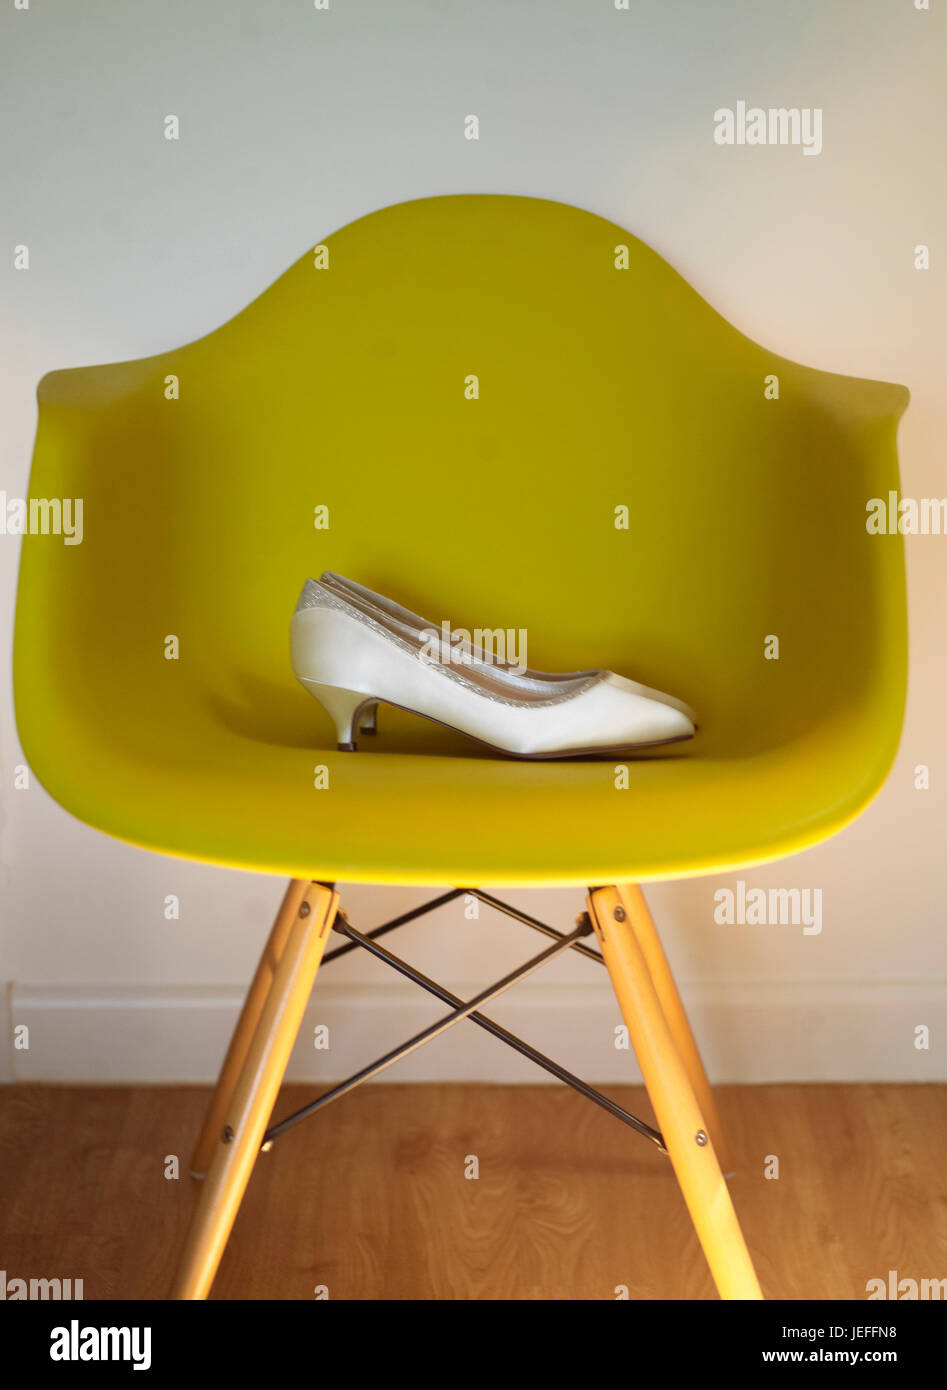 Wedding shoe on chair Stock Photo
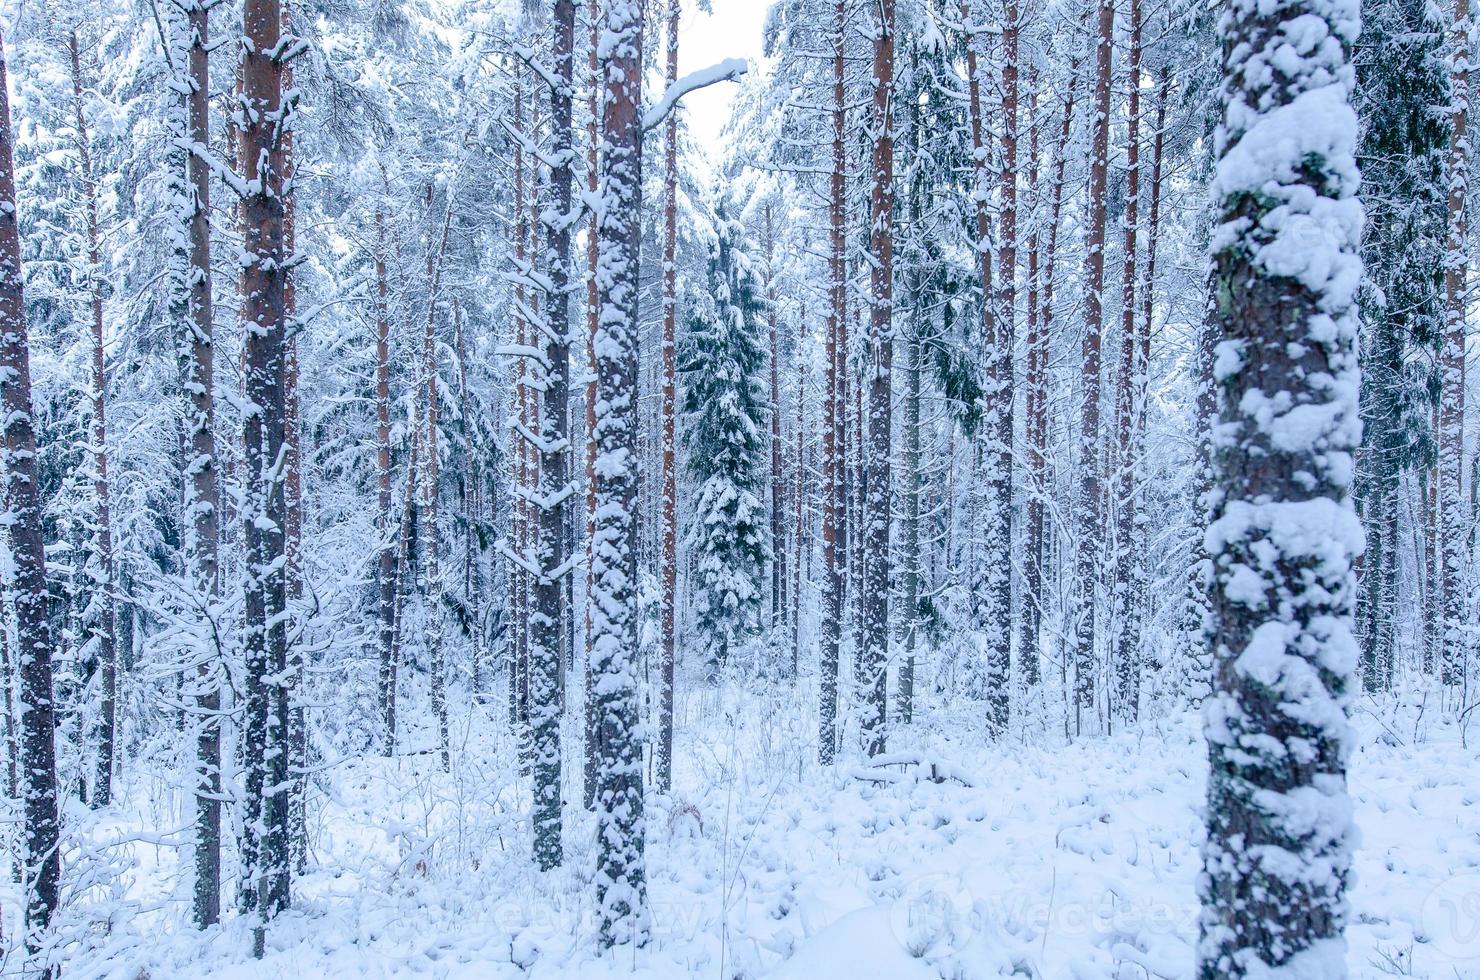 árboles cubiertos de nieve en el bosque de invierno foto
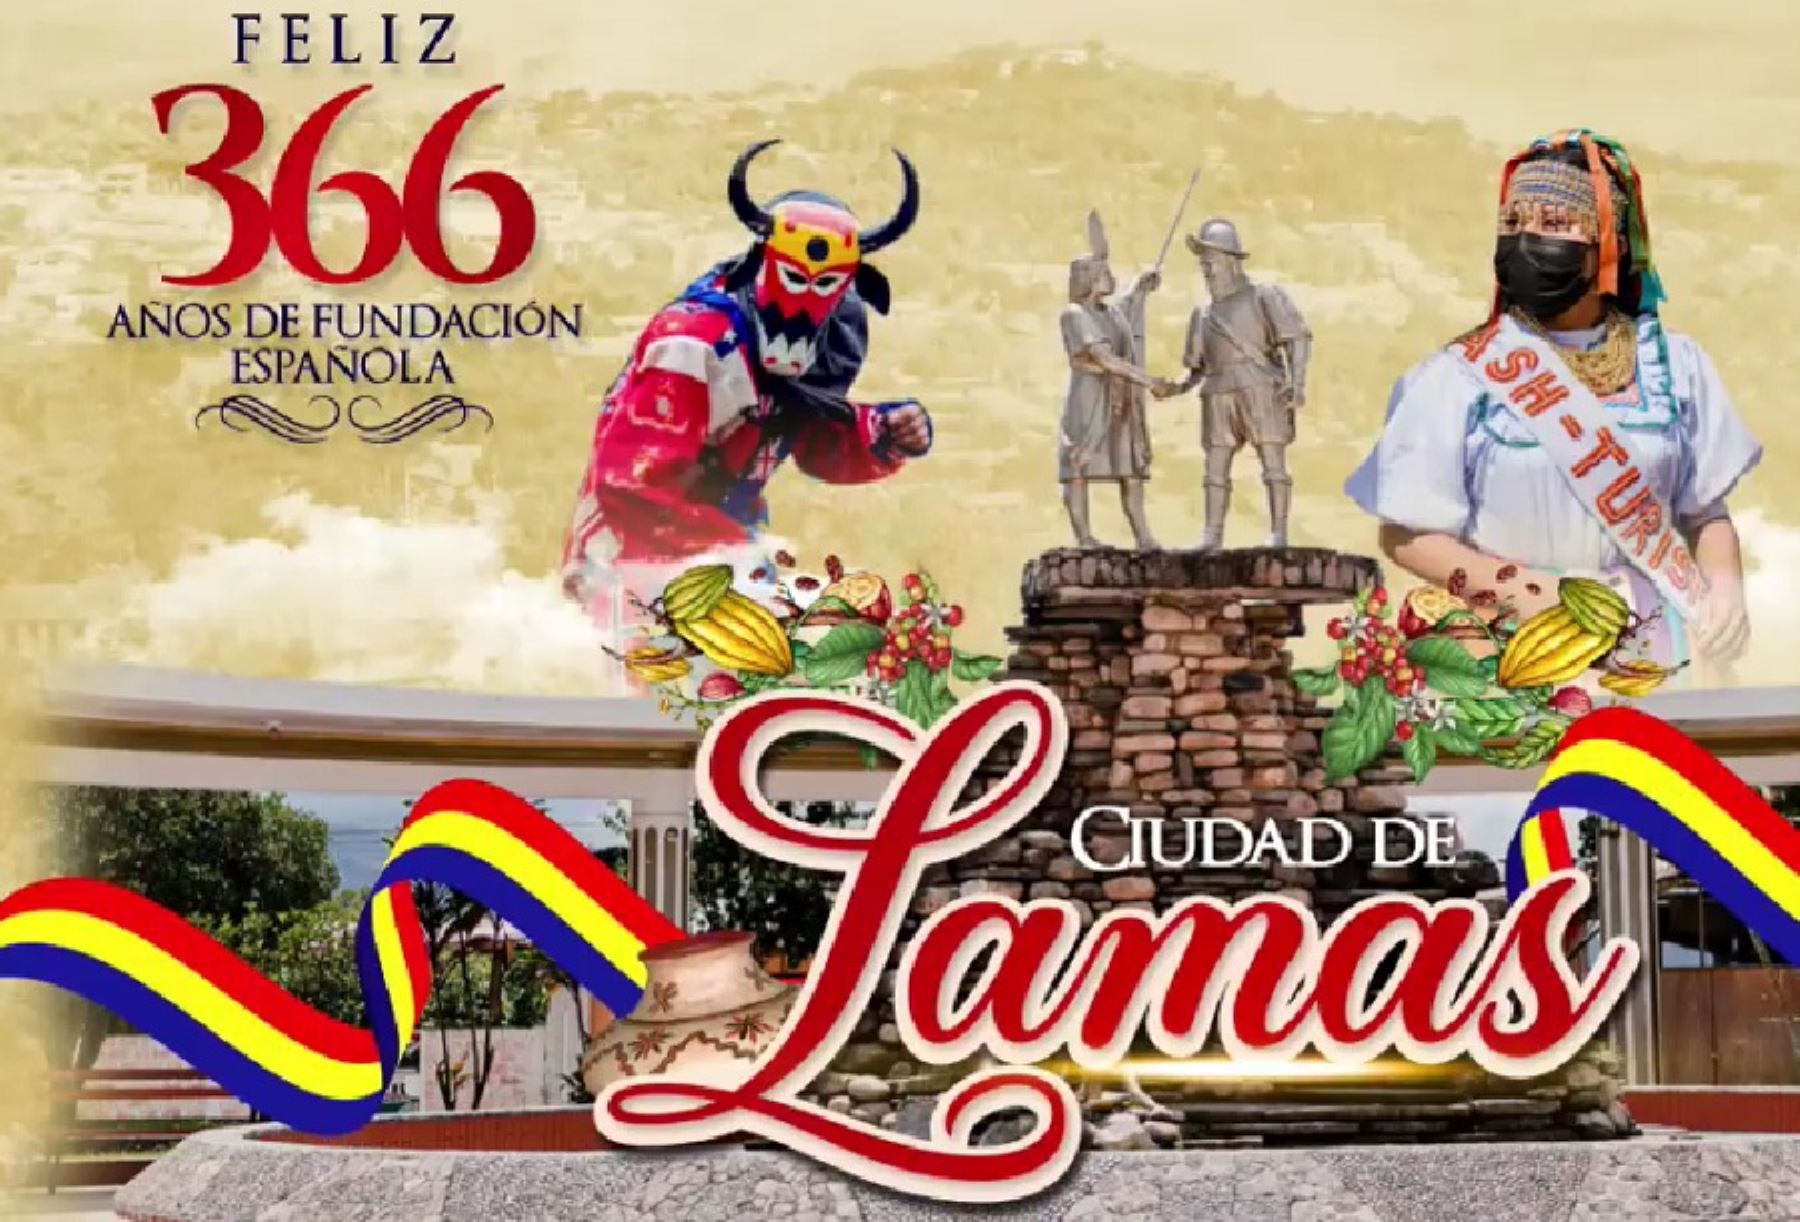 Reconocida como la “Capital folclórica de la región San Martín”, la ciudad de Lamas celebra su 366 aniversario de fundación española, lo que la convierte en una de las primeras urbes creadas en la selva peruana.

Problem requirements → Omit every picture while printing the data word for word.

Solution →
 Wedding shoe on chair Stock Photo
 árboles cubiertos de nieve en el bosque de invierno foto
 Reconocida como la “Capital folclórica de la región San Martín”, la ciudad de Lamas celebra su 366 aniversario de fundación española, lo que la convierte en una de las primeras urbes creadas en la selva peruana.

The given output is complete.